= Murrinsville, Pennsylvania =

Unincorporated community in Pennsylvania, U.S.

Murrinsville is an unincorporated community located in Marion Township, Butler County, Pennsylvania, United States, at the intersection of state routes 58 and 308.

Murrinsville was surveyed in 1828 for 'Squire John MURRIN on the western slope of the Allegheny-Beaver divide, at a point 1,440 ft above ocean level, near the eastern line of the township. On December 19, 1828, the owner advertised a sale of lots, which took place in January 1829.
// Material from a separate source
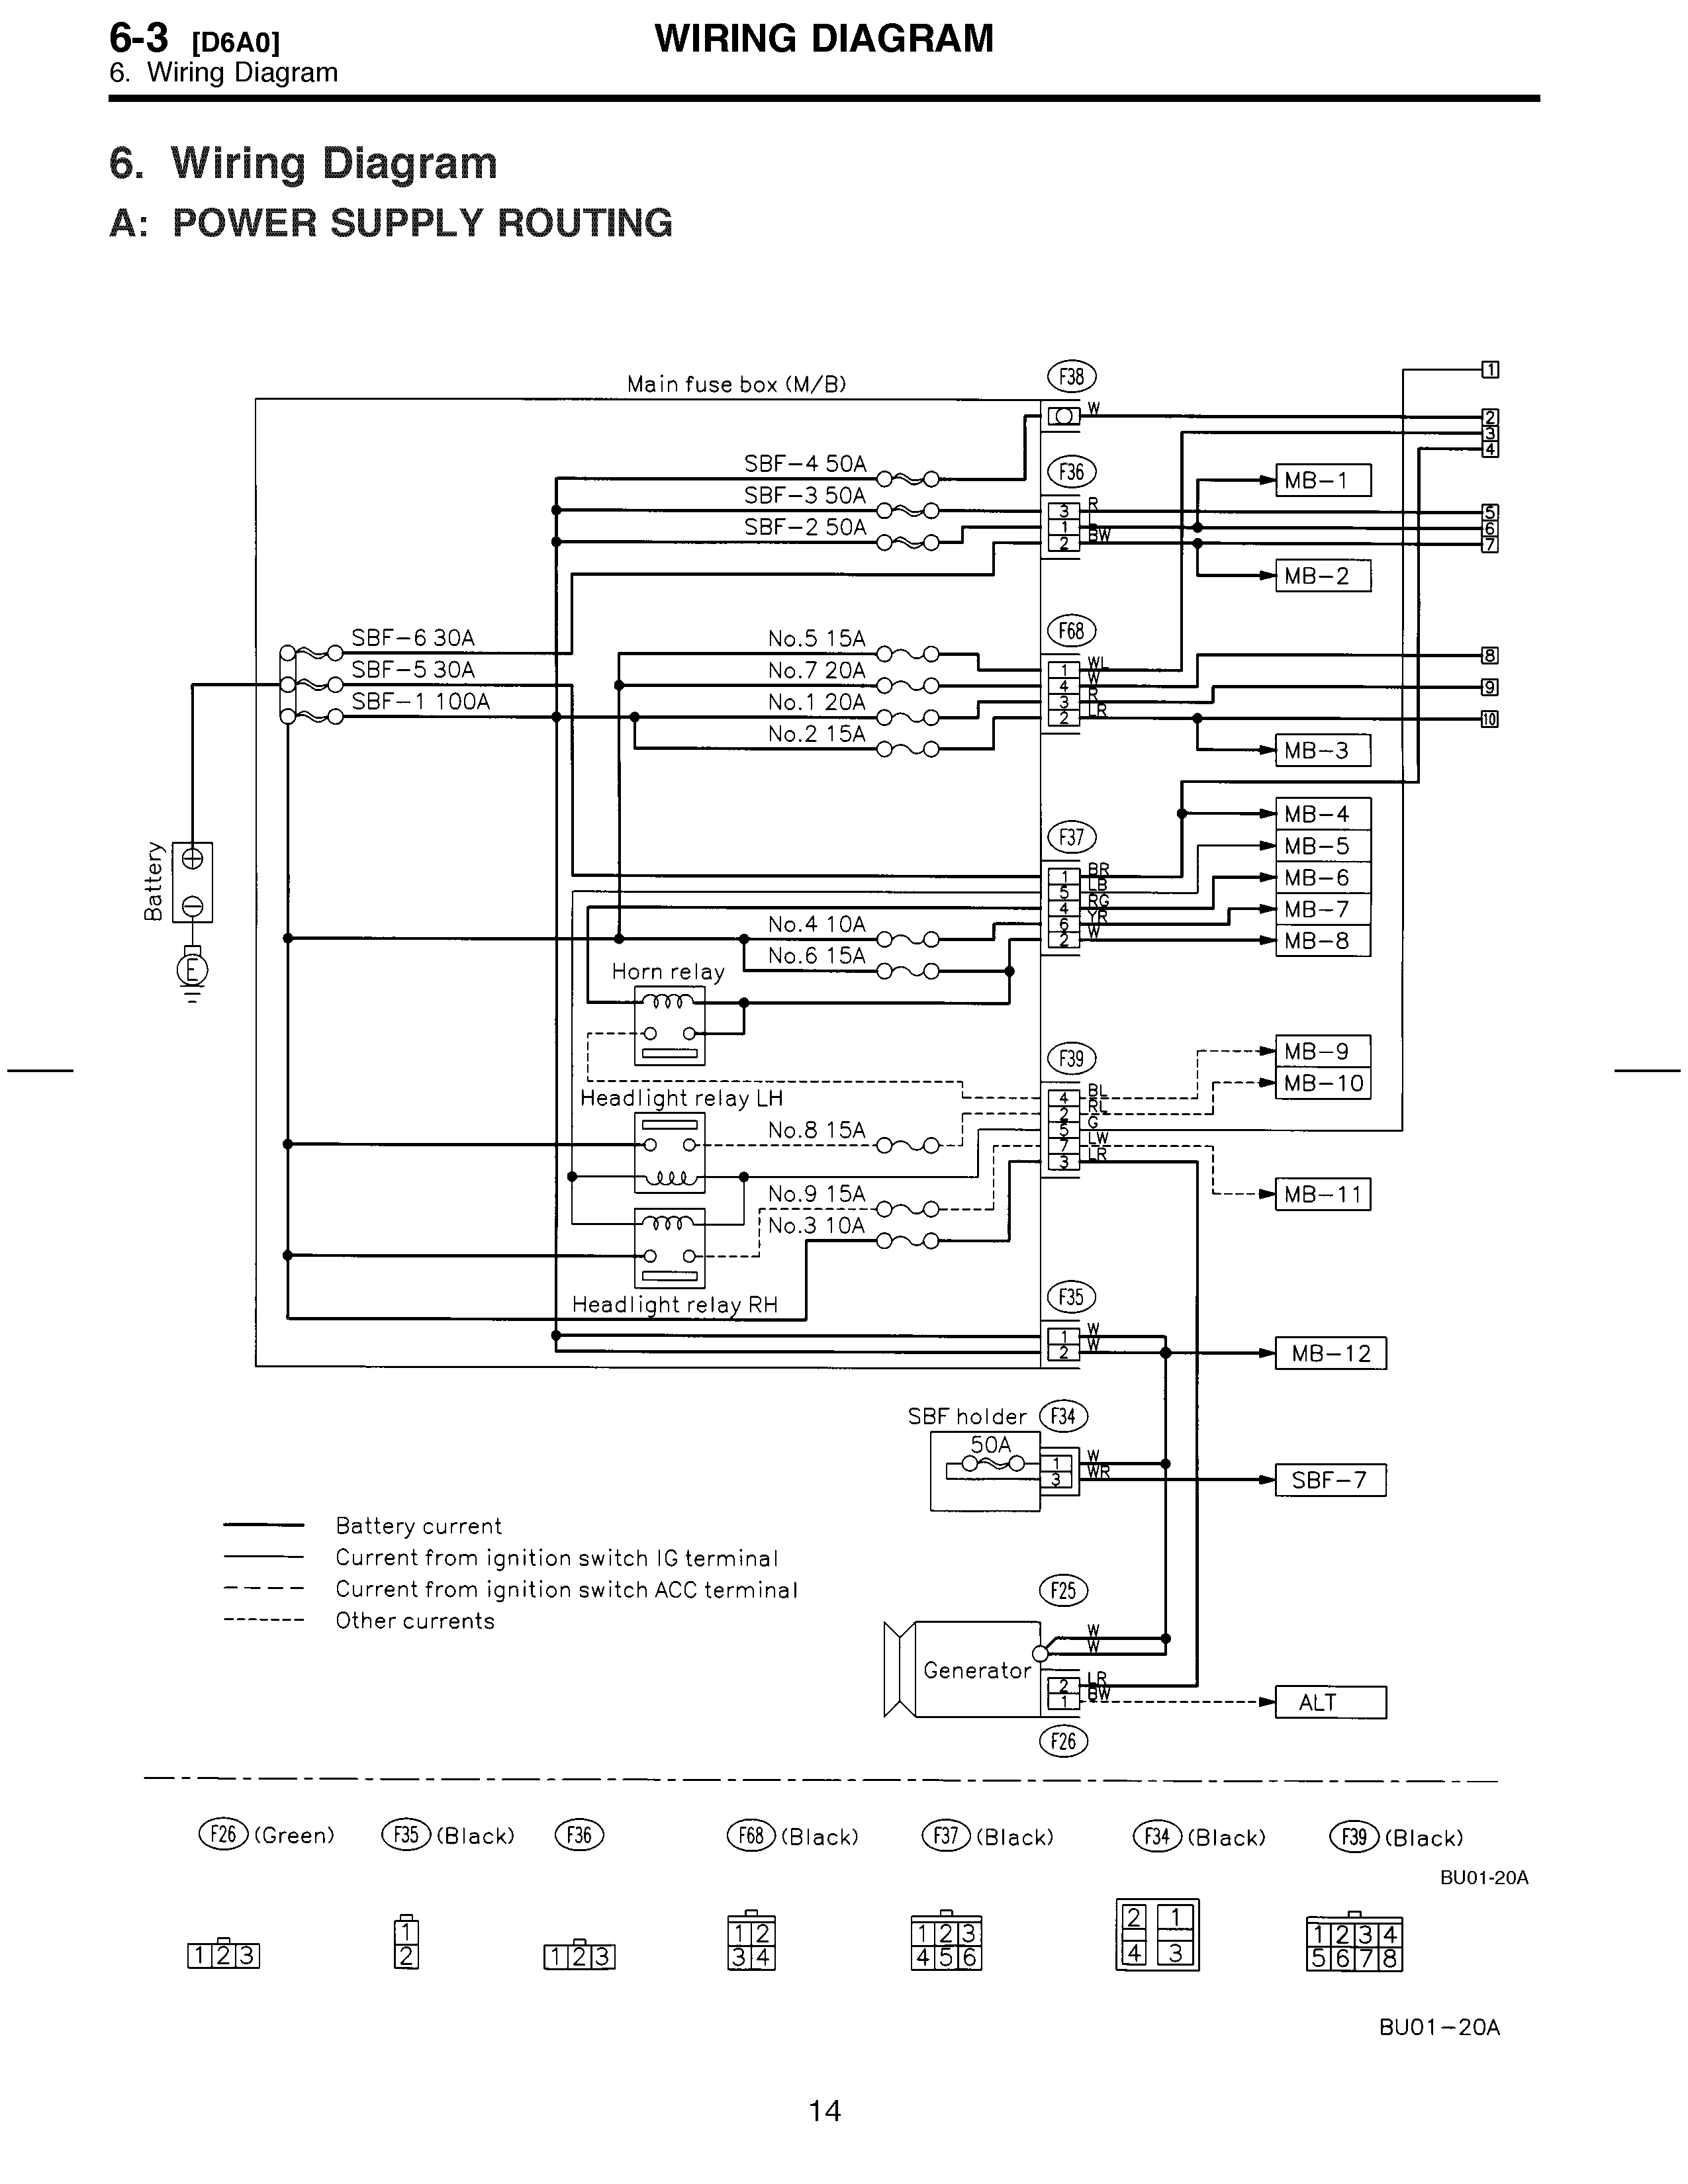 2000 subaru outback stereo wiring diagram 2000 subaru outback headlight wiring diagram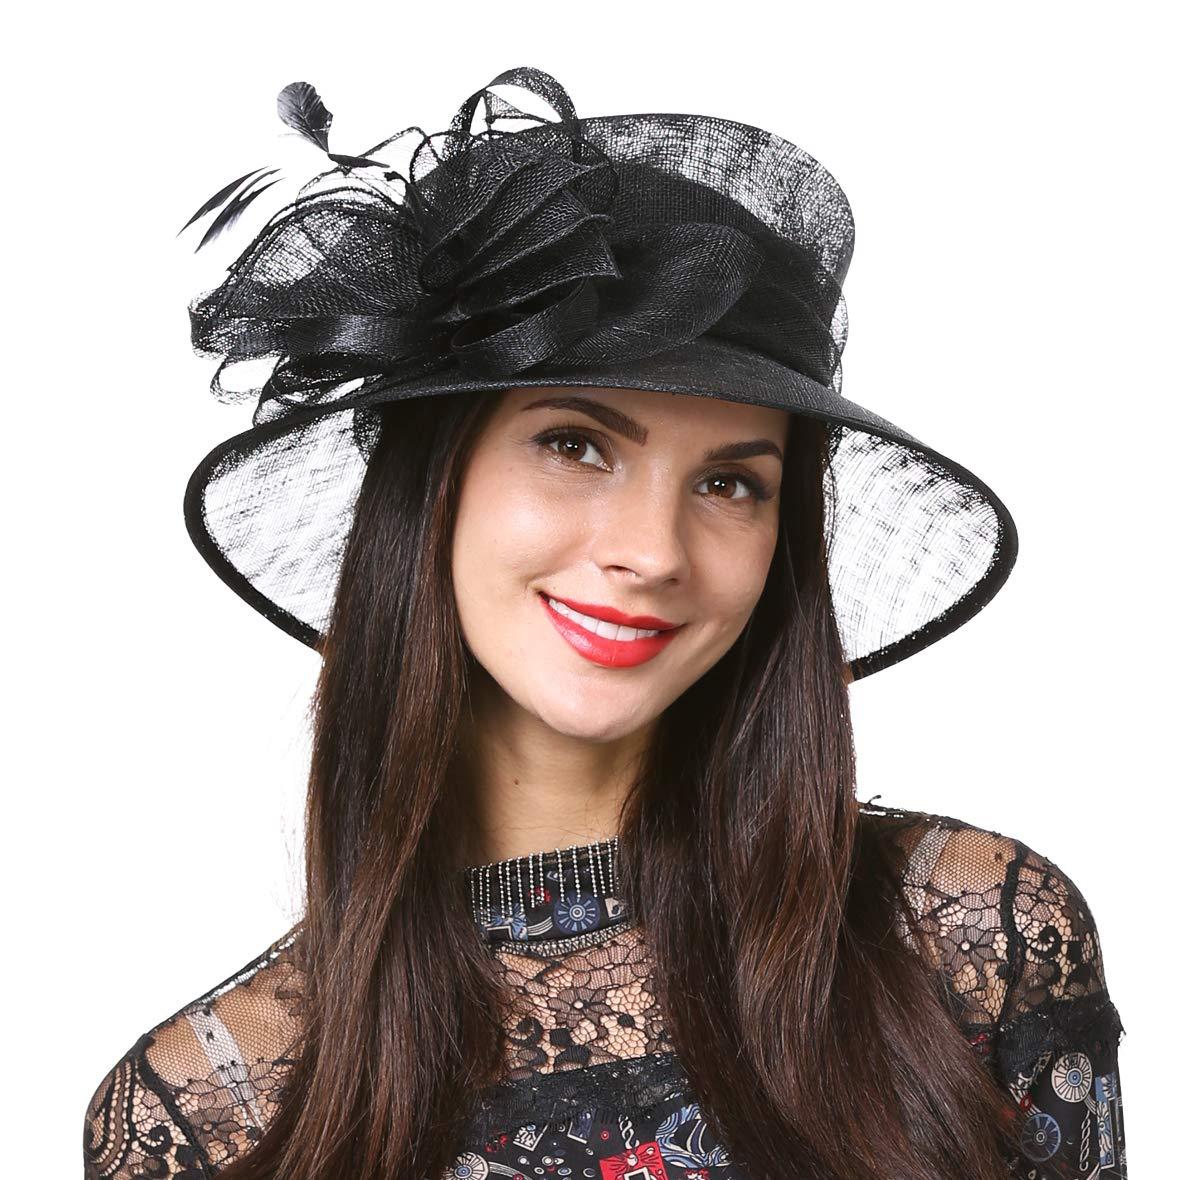 HISSHE Women's Derby Church Dress Weddding Bridal Fascinator 1920s Sinamay Bucket Hat (Black)

At the crossroads of Murrinsville is St. Alphonsus Roman Catholic Church, founded in 1841. The parish was the outgrowth of Irish immigration to the area, beginning in 1796. Among the Catholic immigrants was Hugh Murrin, for whom the town was named. For some 40 years, the small community was occasionally visited by priests either passing through the area or stationed at Sugar Creek, Butler or Pittsburgh. Until 1841, Mass was held in the home of Hugh Murrin. Eventually, the congregation grew to the point that a church was needed. On August 23, 1841, a contract to build the church was drawn up and the completed church was dedicated on August 2, 1842. Until 1850, the church was attended from either Butler or Sugar Creek. In 1850, a resident pastor was assigned to the parish.

In December 1892, a fire destroyed the interior of the church. However, the stone walls of the building were still intact and after some debate, the congregation repaired the structure rather than tearing it down and building a new church. The renovated church was dedicated on December 2, 1893. This church continues to serve the community today.